I recently discovered Dhall that seems like the perfect fit to write the infrastructure in and than generate the YAML files.

The type safe definitions looks like the following:

let keyValue =
λ(k : Type)
→ λ(v : Type)
→ λ(mapKey : k)
→ λ(mapValue : v)
→ { mapKey = mapKey, mapValue = mapValue }
let ApplicationConfig : Type = { created_at : Text }
let Application = < etcd | postgresql | hadoop >
let Applications = Prelude.Map.Type Application ApplicationConfig
let application = keyValue Application ApplicationConfig
let Stage = < dev | qa | prod >
let Stages = Prelude.Map.Type Stage Applications
let stage = keyValue Stage Applications
let AwsRegion = < us-east-1 | eu-central-1 | eu-west-1 >
let AwsRegions = Prelude.Map.Type AwsRegion Stages
let awsRegion = keyValue AwsRegion Stages

After having these definitions we can create the infrastructure:

in [ awsRegion AwsRegion.us-east-1
[ stage Stage.dev
[ application Application.hadoop { created_at = "2019-11-04T09:00:00Z" }
, application Application.etcd { created_at = "2019-11-04T09:00:00Z" }
]
, stage Stage.qa
[ application Application.hadoop { created_at = "2019-11-04T09:00:00Z" }
, application Application.etcd { created_at = "2019-11-04T09:00:00Z" }
]
]
, awsRegion AwsRegion.eu-west-1
[ stage Stage.dev
[ application Application.hadoop { created_at = "2019-11-04T09:00:00Z" }
, application Application.etcd { created_at = "2019-11-04T09:00:00Z" }
]
]
, awsRegion AwsRegion.eu-central-1
[ stage Stage.dev
[ application Application.hadoop { created_at = "2019-11-04T09:00:00Z" }
, application Application.etcd { created_at = "2019-11-04T09:00:00Z" }
]
]
]

Generating the YAML:

dhall-to-yaml --file infrastructure.dhall > infrastructure.yaml

Generating the folder structure

python3 gen.py
region: eu-central-1, stage: dev
region: eu-central-1, stage: dev, app: etcd
region: eu-central-1, stage: dev, app: hadoop
region: eu-west-1, stage: dev
region: eu-west-1, stage: dev, app: etcd
region: eu-west-1, stage: dev, app: hadoop
region: eu-west-1, stage: prod
region: eu-west-1, stage: prod, app: etcd
region: eu-west-1, stage: prod, app: hadoop

Templates

Templates folder has the monitor templates.

Example template:

---
name: High CPU load on application_name:{application_name} stage:{stage} {{{{host.name}}}} / {{{{host.ip}}}}
tags:
- application_name:{application_name}
- stage:{stage}
- region:{region}
type: metric alert
query: avg(last_5m):avg:system.load.norm.5{{application_name:{application_name},stage:{stage}}} by {{host}} > {critical_threshold}
message: >-2
High CPU load on application_name:{application_name} stage:{stage} {{{{host.name}}}} / {{{{host.ip}}}} for 5 consecutive minutes on this node.
Url: https://wd-global-prod.datadoghq.com/monitors/{monitor_id}
{slack_notification_channel}
monitor_options:
notify_audit: False
locked: False
timeout_h: 0
silenced: {{}}
include_tags: True
require_full_window: True
new_host_delay: 300
notify_no_data: False
renotify_interval: 0
escalation_message: >-2
CPU load is still damn high.
thresholds:
critical: {critical_threshold}
warning: {warning_threshold}

This gets rendered using Python format and converted to a dict that used to talk to the DataDog API.

Defaults and specifics

Defaults are stage wide settings specifics are specific to a single application (in a region & stage).

Tags alignment

For all of these above to work together nicely there is a dependency on tags being deployed every node, ELB, etc., so that we can reference those in monitors and dashboards.

Deployment

I gave up on Conda and now just using venv from Python.

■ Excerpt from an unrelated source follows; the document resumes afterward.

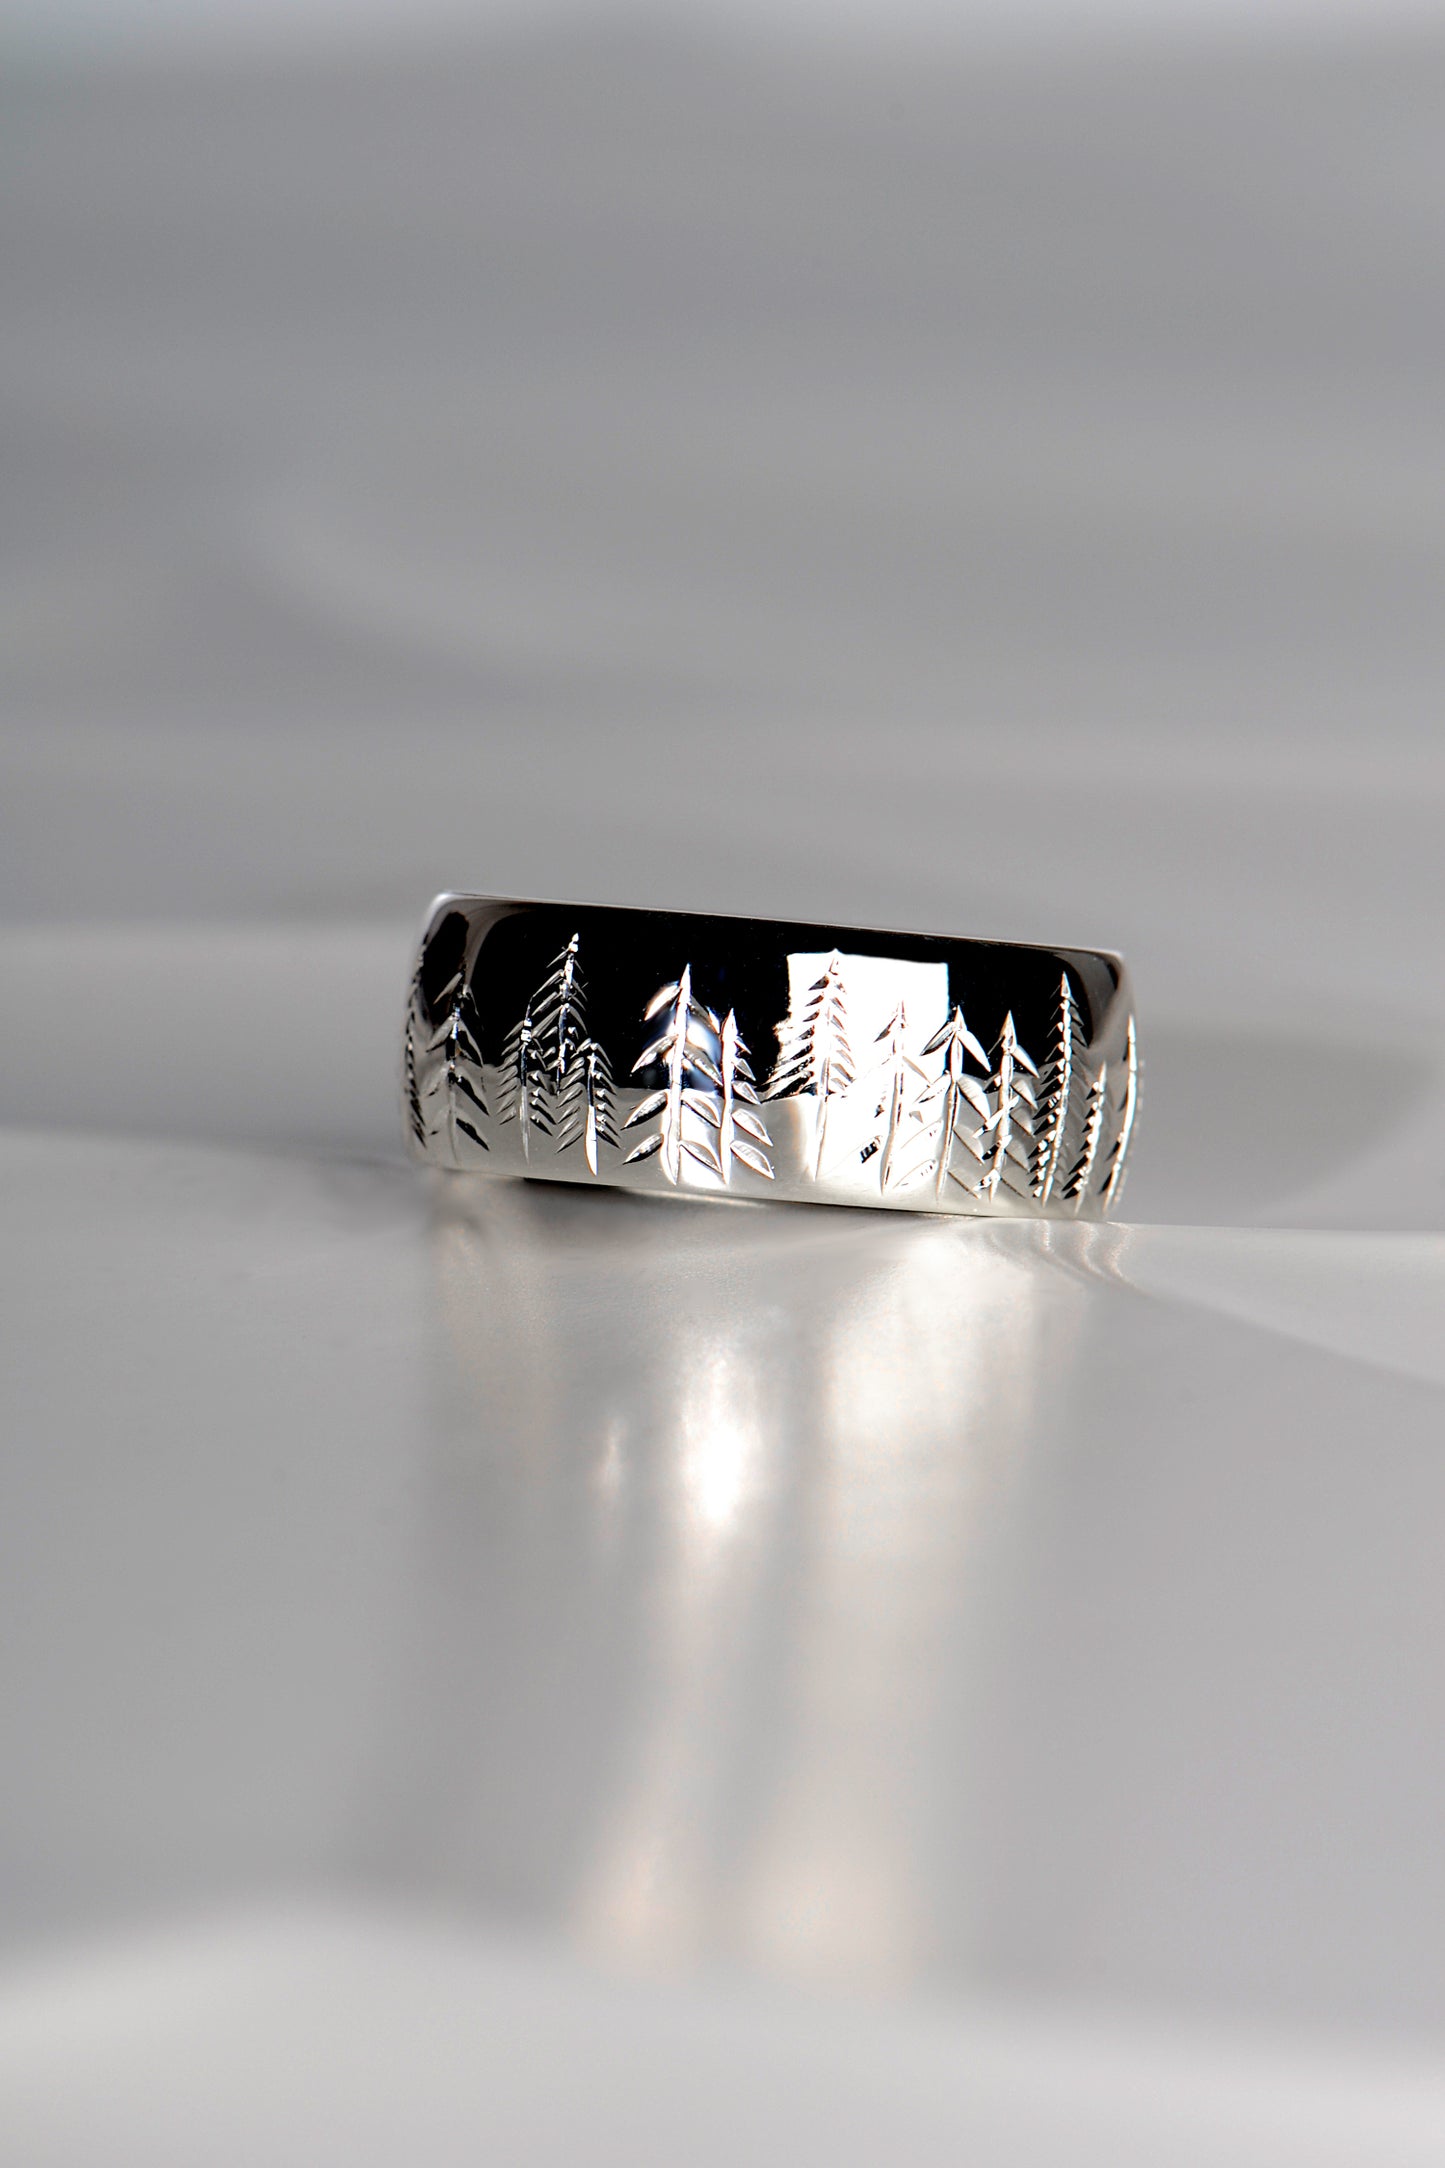 Hand Engraved Trees Ring
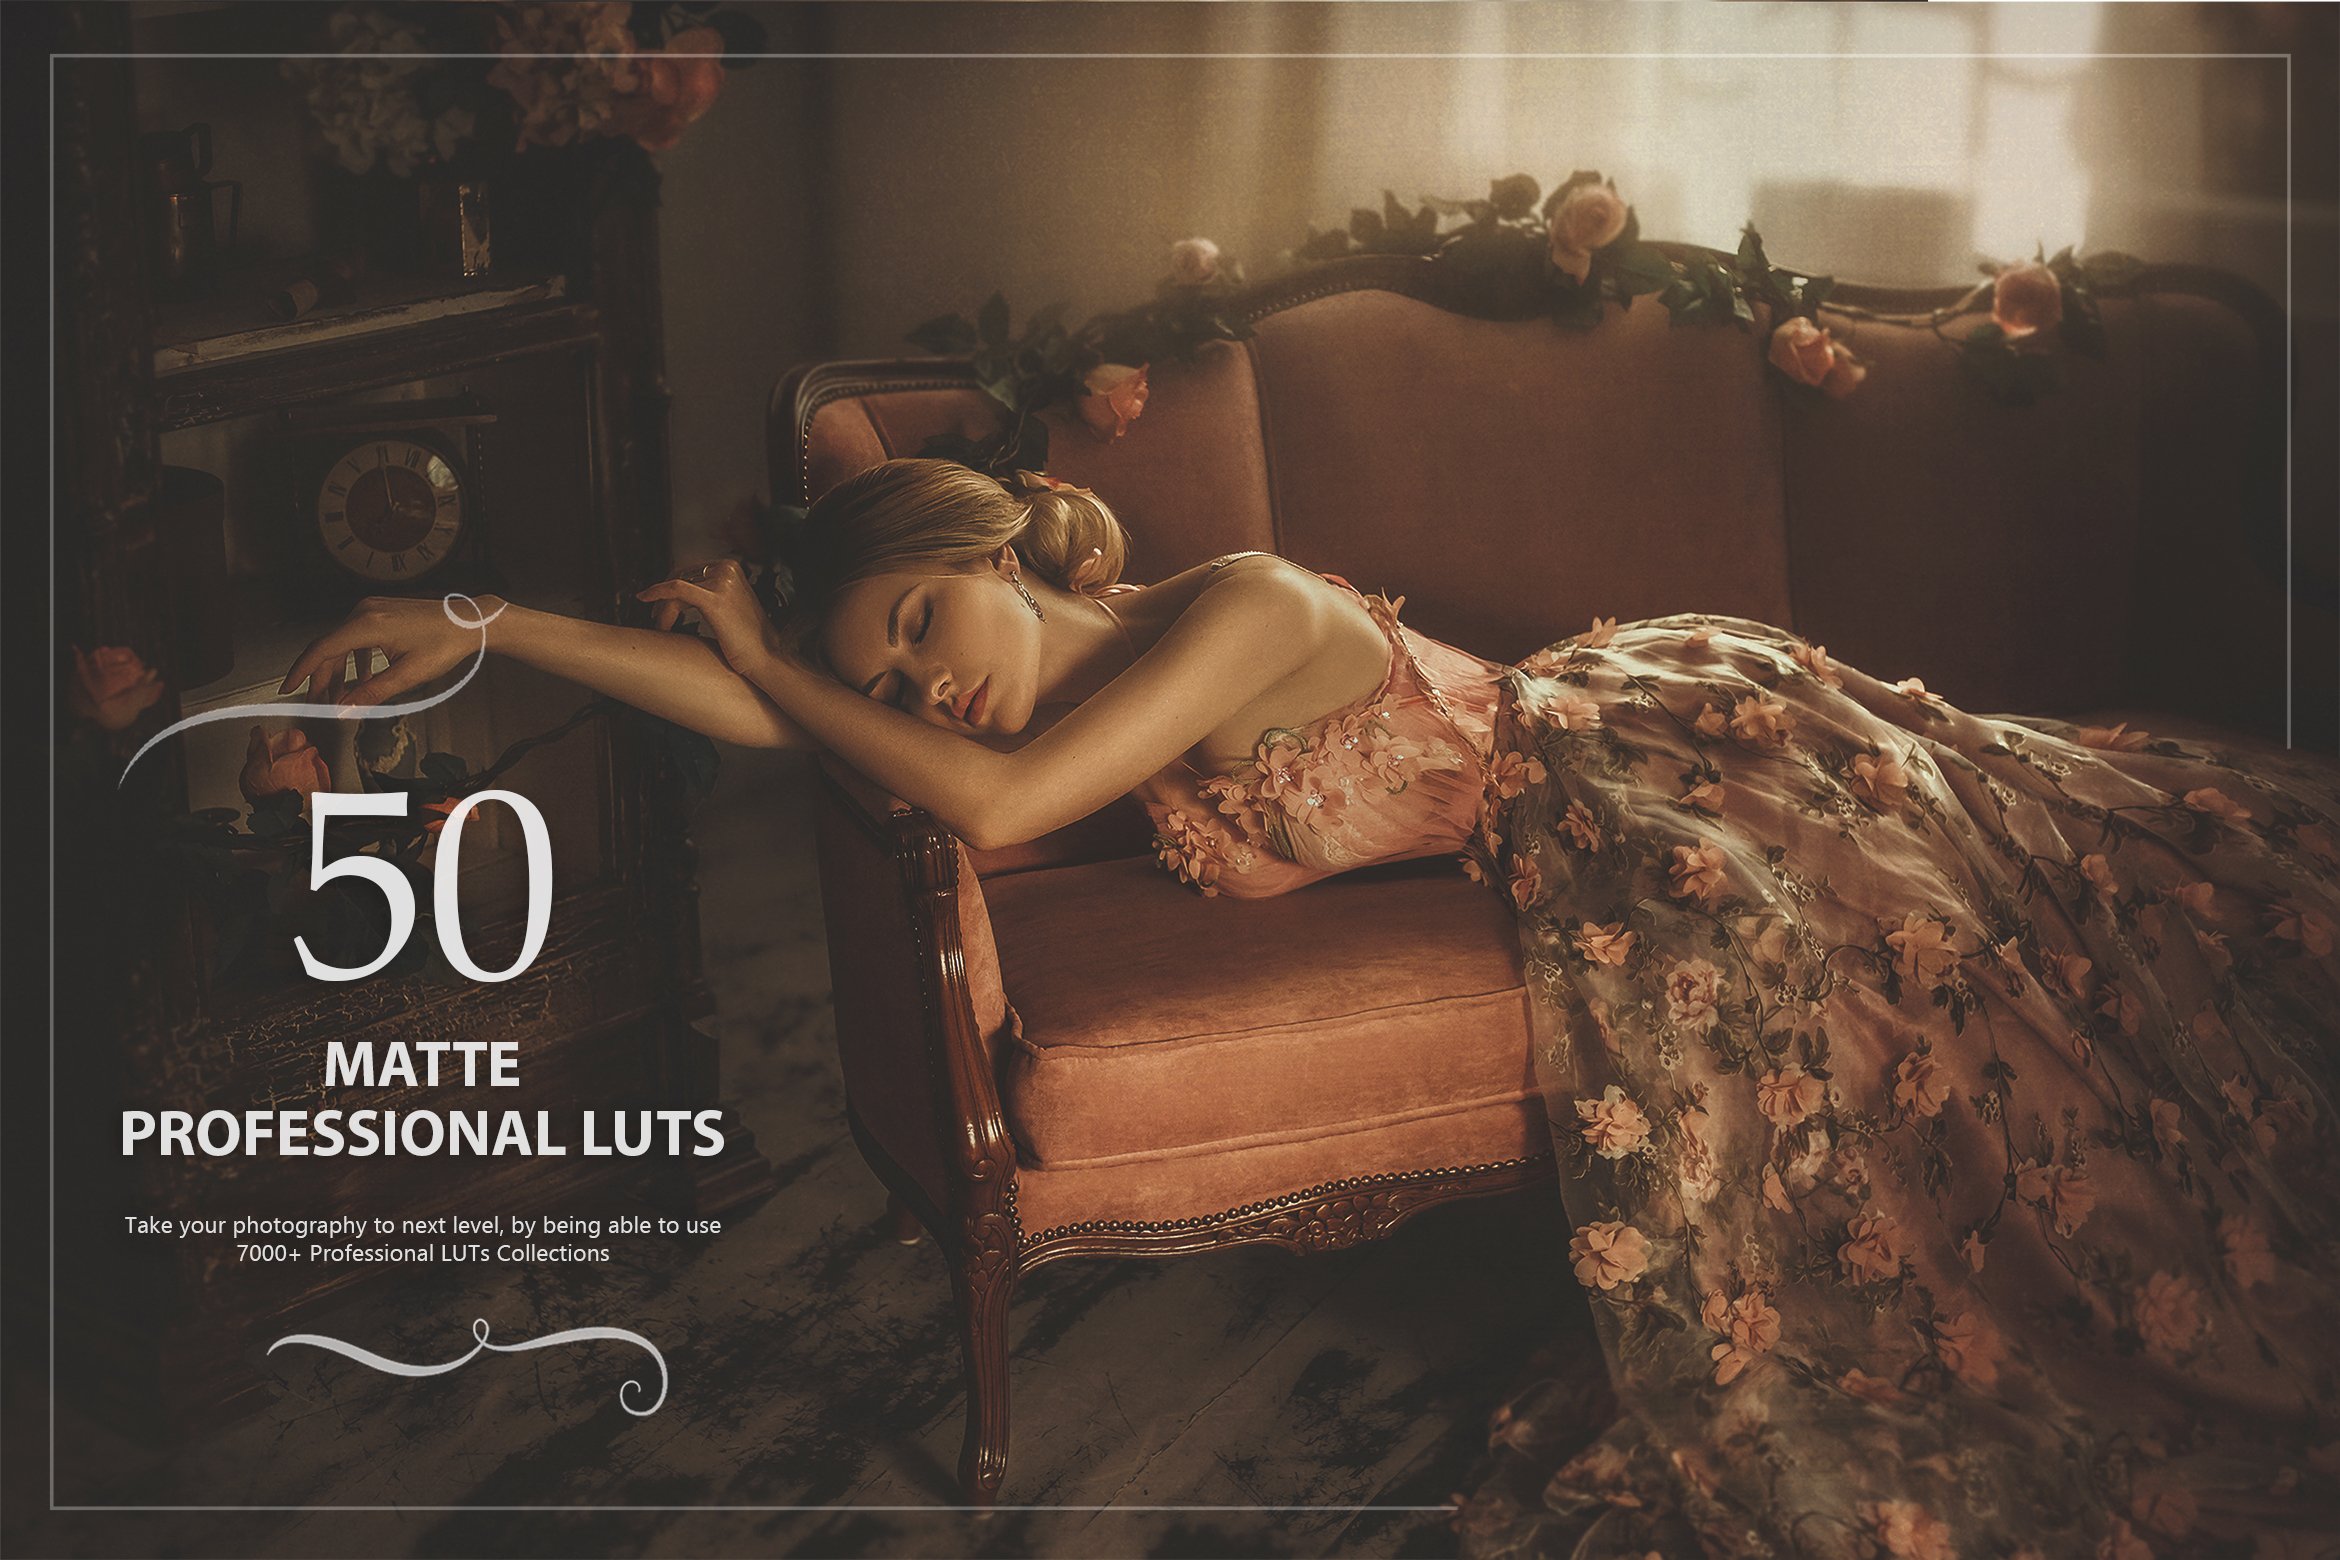 50 Matte LUTs Packcover image.

/usr/local/opt/python3/bin/python3 -m venv venv
. venv/bin/activate.fish #or the shell you are using
pip install --upgrade pip
pip install --upgrade toml pyyaml

Deploying monitors

Deploying a whole stage:

./data-cat/data-cat.py deploy-monitors -r eu-west-1 -s qa

Deploying a single application:

./data-cat/data-cat.py deploy-monitors -r eu-west-1 -s qa -a etcd

Deploying dashboards

Deploying a whole stage:

./data-cat/data-cat.py deploy-dashboards -r eu-west-1 -s qa

Deploying a single application:

./data-cat/data-cat.py deploy-dashboards -r eu-west-1 -s qa -a etcd

What to monitor

Following Brendan Gregg's use method and the suggested things to monitor:

  • CPUs: sockets, cores, hardware threads (virtual CPUs)
  • Memory: capacity
  • Network interfaces
  • Storage devices: I/O, capacity
  • Controllers: storage, network cards
  • Interconnects: CPUs, memory, I/O

How to monitor it (examples):

  • utilization: as a percent over a time interval. eg, "one disk is running at 90% utilization"
  • saturation: as a queue length. eg, "the CPUs have an average run queue length of four"
  • errors: scalar counts. eg, "this network interface has had fifty late collisions"